We know that predict() can only return a list if the input is a scipy sparse matrix, but mypy doesn't. It sees that a list is technically a possible output type, and correctly warnings that a list doesn't have a .shape attribute.

This type of workaround can be removed when #6348 is completed.

jameslamb · 2026-01-25T06:50:15Z

tests/python_package_test/test_dask.py

+        # use a small sub-sample (to keep the tests fast)
+        if output.startswith("dataframe"):
+            dX_sample = dX.sample(frac=0.001)
+        else:
+            dX_sample = dX[:1,]
+            dX_sample.persist()


In my local testing (macOS, dask==2024.11.2), this cut the total time for all new test cases here from 65s to around 10s.

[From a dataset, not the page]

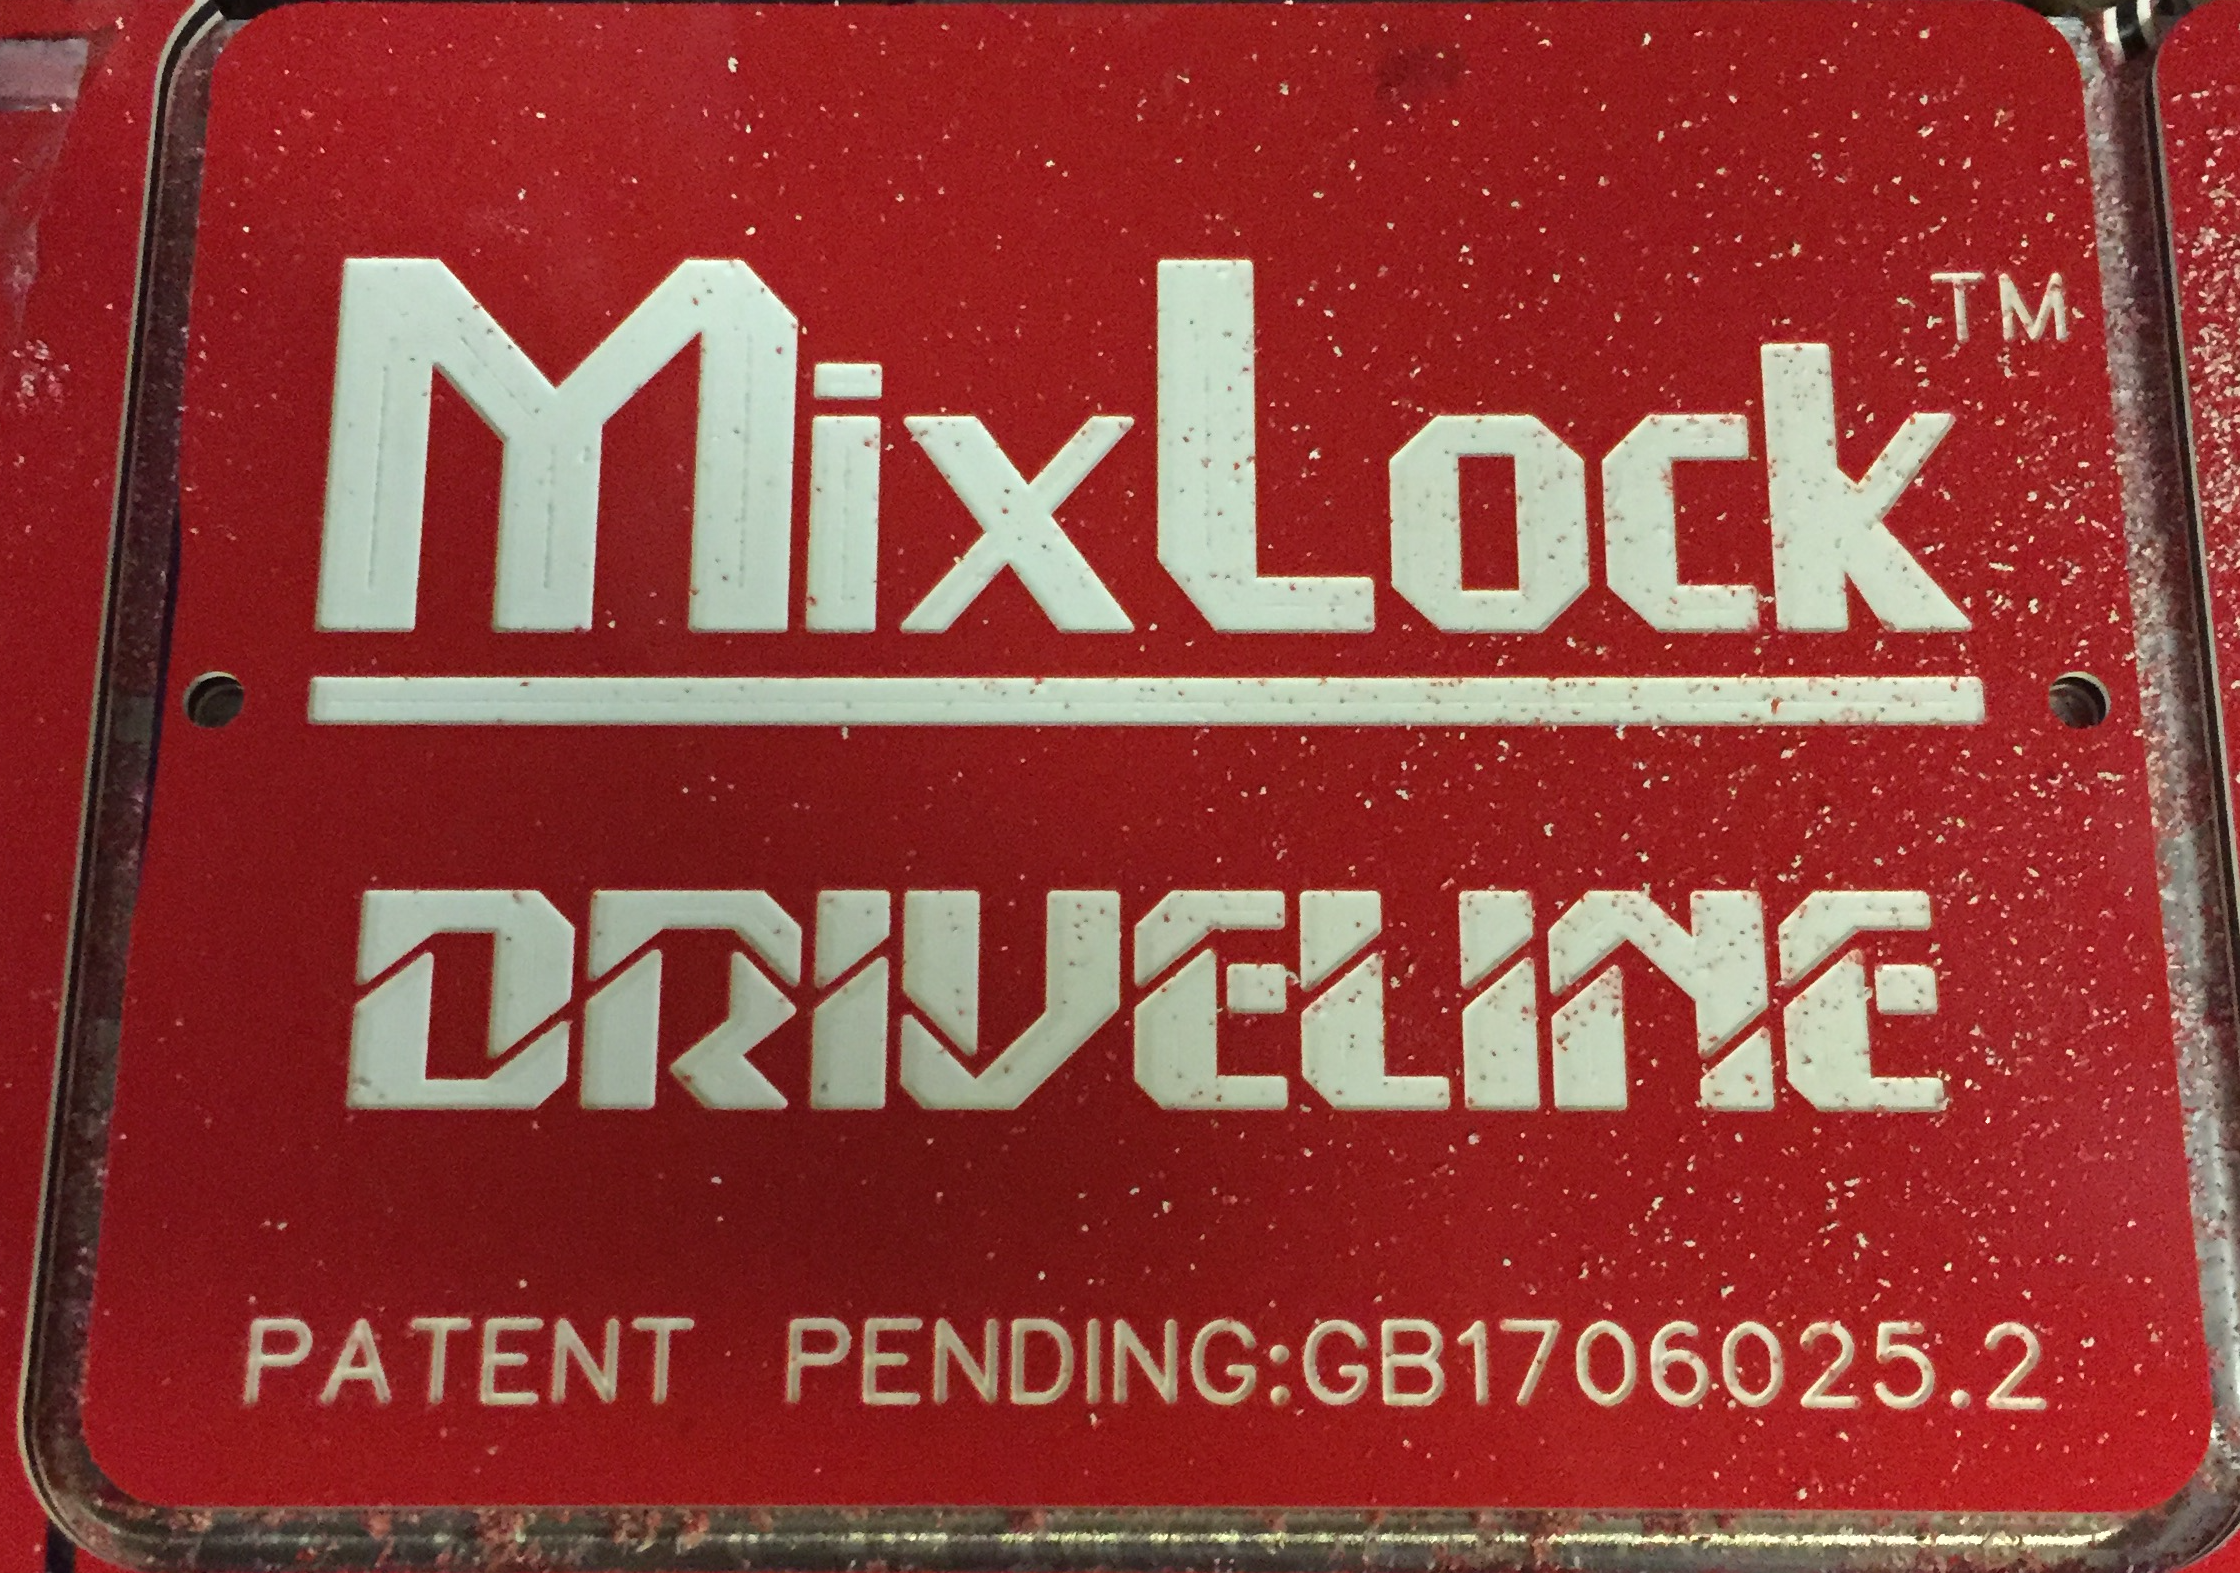 Mixlock

jameslamb · 2026-01-25T06:54:35Z

python-package/lightgbm/dask.py

    pred_proba: bool = False,
    pred_leaf: bool = False,
    pred_contrib: bool = False,
-    dtype: _PredictionDtype = np.float32,


Started looking into all this dtype stuff in the Dask estimators because of this mypy warning:

dask.py:1293: error: Argument "dtype" to "_predict" has incompatible type "dtype[Any]"; expected "type[floating[_32Bit]] | type[float64] | type[signedinteger[_32Bit]] | type[signedinteger[_64Bit]]" [arg-type]

jameslamb · 2026-01-25T07:12:26Z

tests/python_package_test/test_sklearn.py

+    #  * regression: float64
+    #
+    if task.endswith("classification"):
+        assert preds.dtype == np.int64


On AppVeyor, these are all int32:

# default predictions: # # * classification: int64 # * ranking: float64 # * regression: float64 # if task.endswith("classification"): > assert preds.dtype == np.int64 E AssertionError: assert dtype('int32') == <class 'numpy.int64'> E + where dtype('int32') = array([2, 0, 1, ..., 1, 1, 1]).dtype E + and <class 'numpy.int64'> = np.int64 tests\python_package_test\test_sklearn.py:2012: AssertionError

(build link)

But not on the other Windows Python jobs here: https://github.com/microsoft/LightGBM/actions/runs/21328342343/job/61389234344?pr=7140

I suspect that's not about Windows, but using older versions (Python or numpy)

GitHub Actions

Python 3.13

numpy==2.4.1

pandas==3.0.0

Appveyor

Python 3.9

numpy==1.22.4

pandas==1.3.5

This might be specific to Windows or to something else about the AppVeyor builds. I'm not able to reproduce it using the exact same library versions on my Mac

I can reproduce this on my Mac 😕

conda create \ -y \ -n lgb-dev-py3.9 \ --file .ci/conda-envs/ci-core-py39.txt \ python=3.9 source activate lgb-dev-py3.9 cmake -B build -S . cmake --build build --target _lightgbm -j4 sh build-python.sh --precompile install pytest \ 'tests/python_package_test/test_sklearn.py::test_classification_and_regression_minimally_work_with_all_accepted_data_types' # ==== 108 passed, 136 warnings in 5.33s ====

Ok I have most of an answer, though unsure yet why this is happening on AppVeyor and not GitHub Actions.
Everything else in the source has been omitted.